India wants to have a large, multidisciplinary higher education institution in or near every town or city by 2030. Many single-stream institutions should be combined and more departments added to existing institutions in draft rules that are now being looked at.
They want to hear what people think about the new rules by March 20. The National Education Policy Commission (NET) has said that single-stream institutions should offer dual-degree programs, and they should. Students would get their first degree from one school, second to another. State governments will keep giving the same amount of money to government-aided colleges as they did in the past.
Key Highlight:
- According to the University Grants Commission’s draft guidelines released on Saturday, Indian higher education institutions must become multidisciplinary universities by boosting research and educational facilities.
- By 2030, India wants a large multidisciplinary higher education institution in every district.
- The higher education regulator wants public feedback by March 20.
- The draft rules suggest forming academic clusters, merging single-stream institutions, and expanding existing institutions’ departments.
- Single-stream institutions can thus integrate their programs with neighboring interdisciplinary institutions.
- An absence of creative transdisciplinary courses and financial resources is also cited for building clusters of single-stream institutions.
Higher education institutions in India will have to become multidisciplinary universities by improving their research and education infrastructure, according to draft guidelines from the University Grants Commission that were released on Saturday. This is in line with the national education policy of 2020.

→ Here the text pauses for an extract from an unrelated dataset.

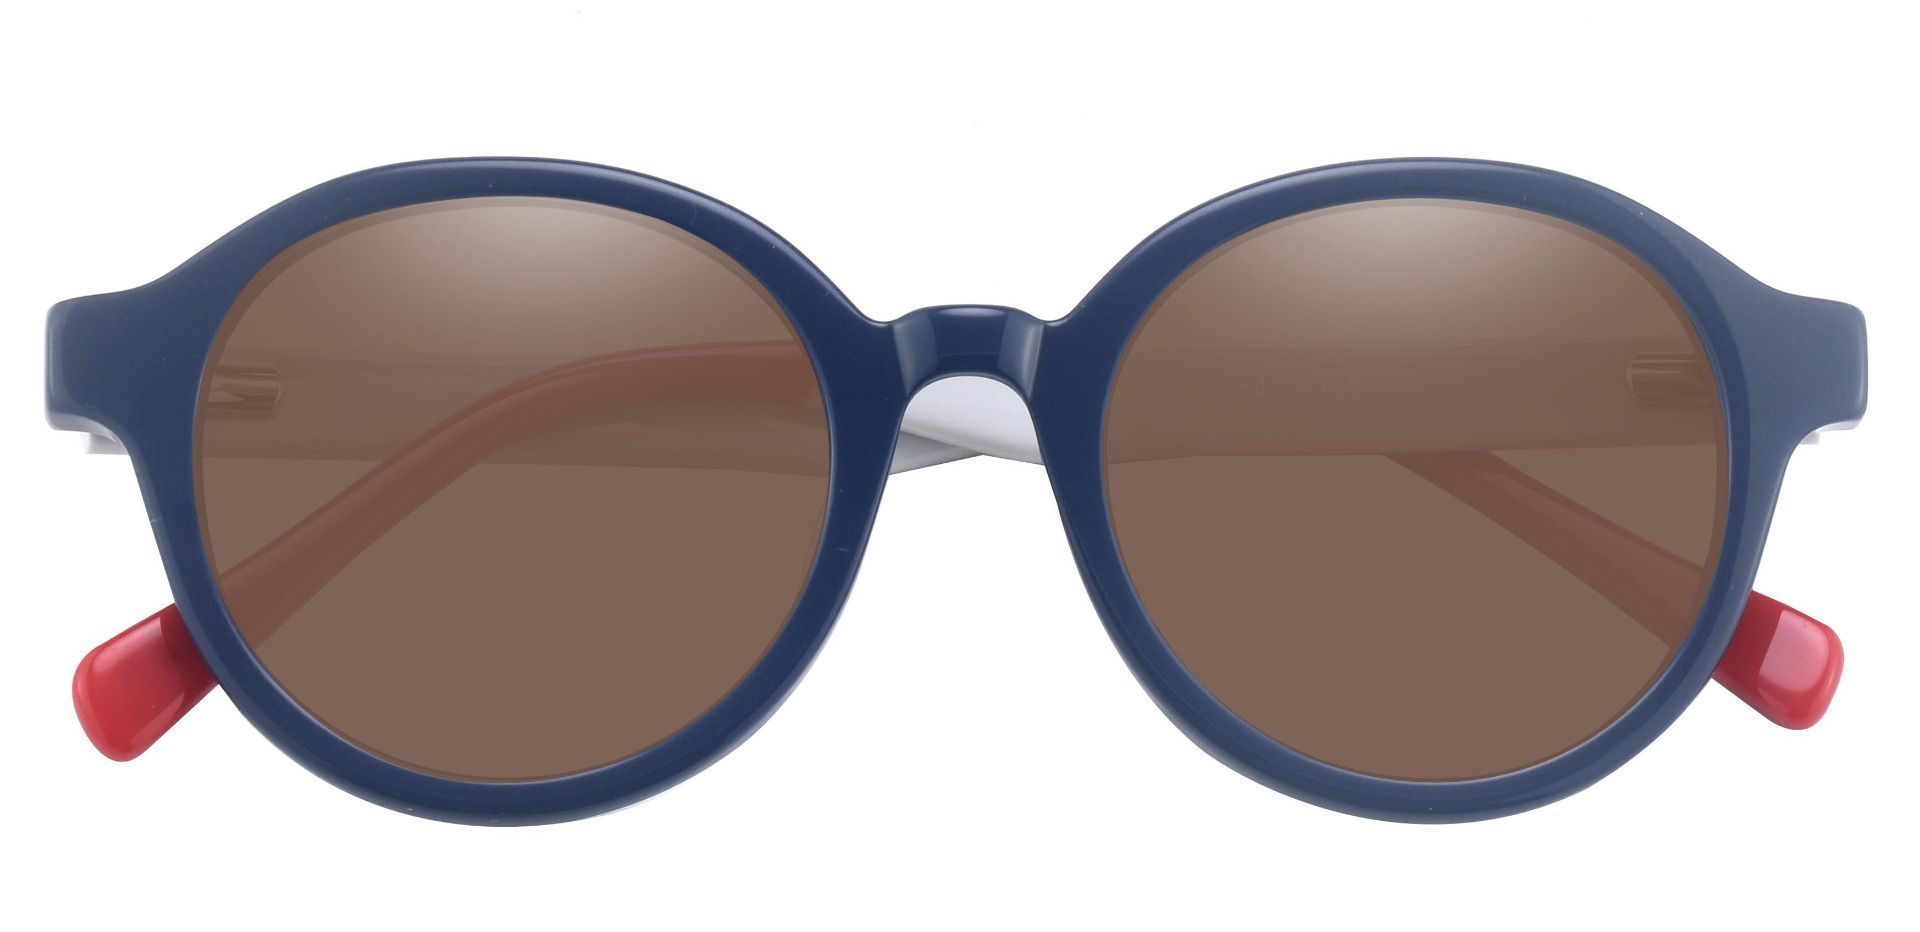 Roxbury Round Prescription Sunglasses - Blue Frame With Brown Lenses

India wants to have a large, multidisciplinary higher education institution in or near every town or city by 2030. It’s March 20, and the higher education regulator wants to hear what people think about new rules.
The draft rules suggest many ways to change existing institutions, such as academic collaboration between them through clusters, merging several single-stream institutions, and adding more departments to existing institutions.
Emphasizing that the culture of establishing and sustaining multidisciplinary institutes is increasing fast internationally, the guidelines state that the higher education system in India should phase out stand-alone, fragmented and domain-specific institutions.
The draft guidelines think about three types of multidisciplinary institutions: research-intensive universities, teaching-intensive universities, and degree-awarding autonomous colleges.
The regulator thinks that the multidisciplinary universities will have 3,000 or more students. This is what they think. By 2035, all colleges affiliated with the university should be able to give their degrees, either by going through different stages of autonomy or by becoming part of a cluster to become a large multidisciplinary institute.
They want to work together to make it possible to get two degrees at the same time from different schools. The single-stream institutions can work with nearby multidisciplinary institutions to make their programs work together.
“A new and innovative educational architecture will help strengthen the structure of multidisciplinary education and achieve what the NEP 2020 aims to do,” the proposed guidelines said.
For dual-degree programs, the two schools should be close enough to share resources and make it easier for students and teachers to move around.
Under the collaborative system, students can get their first degree from one place and their second degree from another place. When they finish the program, they will either get a degree from their home college that shows that they took classes at the partner institution or get a dual degree from both institutions. As a rule, if two colleges from a single university work together, the affiliating university will give out the degree.
They also say that single-stream colleges that don’t have innovative multidisciplinary courses and don’t have the money to pay for them should form clusters. Regulator: State governments will keep giving the same amount of money to government-aided colleges that they did before the cluster formed.
The commission said that the collaborations, mergers, and opening of new departments would only happen if they get the OK from the regulatory body and the academic councils of the higher education institutes that they will work with and merge with.